Eine solche, auf Vertrauen gegründete Beziehung ist auch unsere Beziehung zu Gott. Auch hier haben wir manchmal das Gefühl, unser Vertrauen sei enttäuscht worden. Wenn es im Leben nicht so geht, wie wir dachten. Wenn wir Krankheit, Leid, den Tod eines geliebten Menschen erfahren. Aber Gott hat uns nie einen Rosengarten versprochen. Die Welt, die er geschaffen und in die er uns gerufen hat, ist kein gemachtes Bett, kein Paradies. Gott hat sie uns übergeben und anvertraut, damit sie ein Lebensraum für Mensch und Tier werde und bleibe. Gott ist sozusagen abgereist und hat uns die Verantwortung für seine Schöpfung übertragen. 
 Trotzdem lässt Gott uns mit der Welt nicht allein. Gott ist und bleibt ansprechbar für uns. Gott ist und bleibt in unserer Nähe. Durch das Leiden und Sterben seines Sohnes hat Gott uns gezeigt, dass er Gutes für uns will, uns vergeben und unser Leben vor dem Tod retten wird. Unser Leben wird unter allen Umständen ein gutes Ende nehmen. Wir werden nicht hinausgeworfen. Auf uns wartet am Ende kein Heulen und Zähneklappern. 
Gott begleitet uns nicht nur durchs Leben und sorgt dafür, dass es ein Happy End haben wird. Gott hat uns so viel geschenkt, was unser Leben lebenswert macht und was uns hilft, das Leben zu bestehen, Die Talente, die der Hausherr seinen Knechten anvertraut, sind zu den sprichwörtlichen Talenten geworden, die jede:r von uns besitzt. Wir übersehen sie, wenn wir darunter nur die herausragenden Leistungen verstehen, die Sportler:innen, Musiker:innen oder Künstler:innen erbringen. Auch Zuhören ist ein Talent. Unterrichten. Kindern ein:e gute Begleiter:in sein. Alten Menschen hilfsbereit und respektvoll begegnen. Einen „grünen Daumen” haben.
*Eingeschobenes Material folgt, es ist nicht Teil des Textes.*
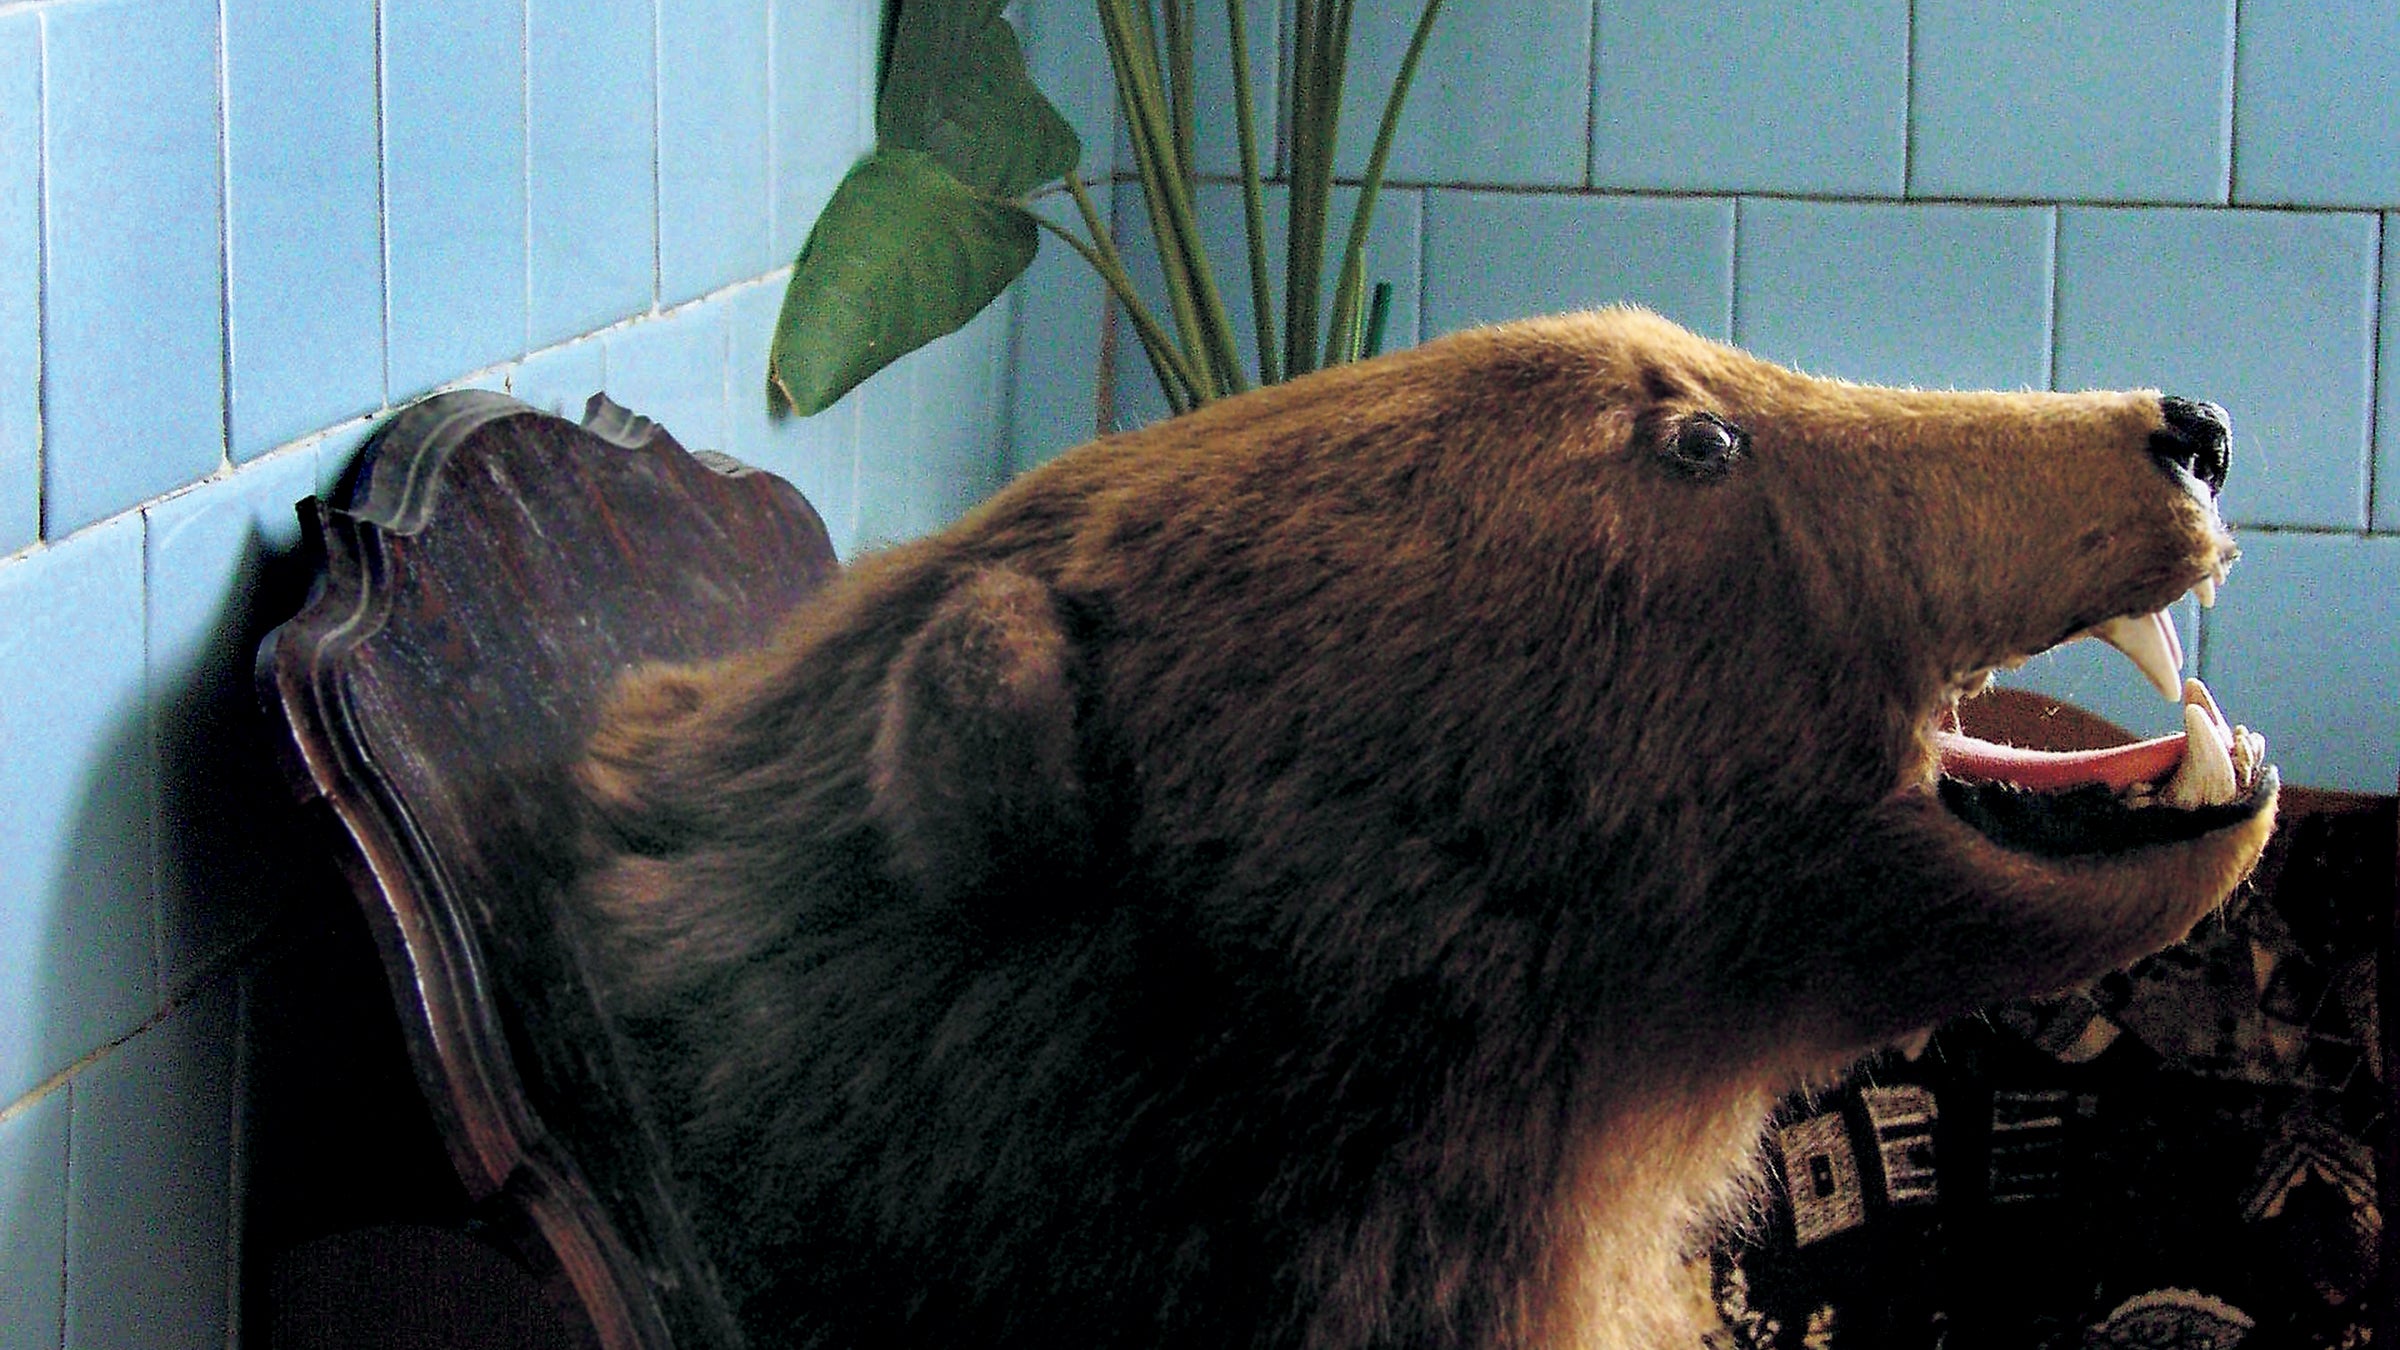 Kodiak Bear 40 Brown Stuffed Animal

Tiere gut und artgerecht behandeln. Mit all diesen und vielen weiteren Talenten gestalten wir unser Miteinander auf dieser Erde, gestalten und bewahren wir Gottes Schöpfung. 
Wie der abreisende Herr in der Parabel, so hat Gott uns Talente anvertraut, mit denen wir wirtschaften, d.h.: seine Schöpfung bewahren sollen. Gott vertraut uns. Gott vertraut darauf, dass wir wissen, was er von uns erwartet. Gott vertraut darauf, dass wir in seinem Sinne handeln. Rechtfertigen wir dieses Vertrauen? Gehen wir mit der Welt und unseren Mitmenschen so um, wie wir es für unsere liebsten Dinge und für unsere größten Schätze, unsere Kinder, wünschen? Sind wir uns bewusst, dass Gott Rechenschaft über unsere Verwaltung verlangen könnte? Oder rechnen wir nicht mehr damit, dass der Herr der Welt jemals zurückkehren könnte? 
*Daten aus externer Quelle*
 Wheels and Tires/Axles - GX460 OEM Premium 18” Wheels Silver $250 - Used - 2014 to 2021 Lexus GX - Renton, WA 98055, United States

Wenn man den Zustand unserer Welt betrachtet, muss man den Eindruck bekommen: Viele haben ihre Talente, die sie für das Miteinander auf dieser Erde und für den Erhalt unserer Welt bekamen, tief vergraben. Die meisten glauben nicht, dass die Welt ihnen nicht gehört, dass sie nicht damit tun können, was sie wollen, sondern dass sie ihnen nur zu treuen Händen anvertraut ist. 
 Wer von diesen sind wir? Und wer wollen wir sein? Es ist nicht zu spät, das Vertrauen zu rechtfertigen, das Gott in uns setzt. Es ist nicht zu spät, zu handeln und mit unseren Talenten zu wuchern. Gott jedenfalls hört nicht auf, uns zu vertrauen. Trotz allem, was wir Menschen seiner Schöpfung, unseren Mitmenschen und Mitgeschöpfen antun. Dieser Vertrauensvorschuss Gottes gibt uns Kraft, das Leben auf dieser wundervollen, gefährlichen und gefährdeten Welt zu meistern. Die Kraft, das Leben, Gottes Schöpfung, zu bewahren. Amen.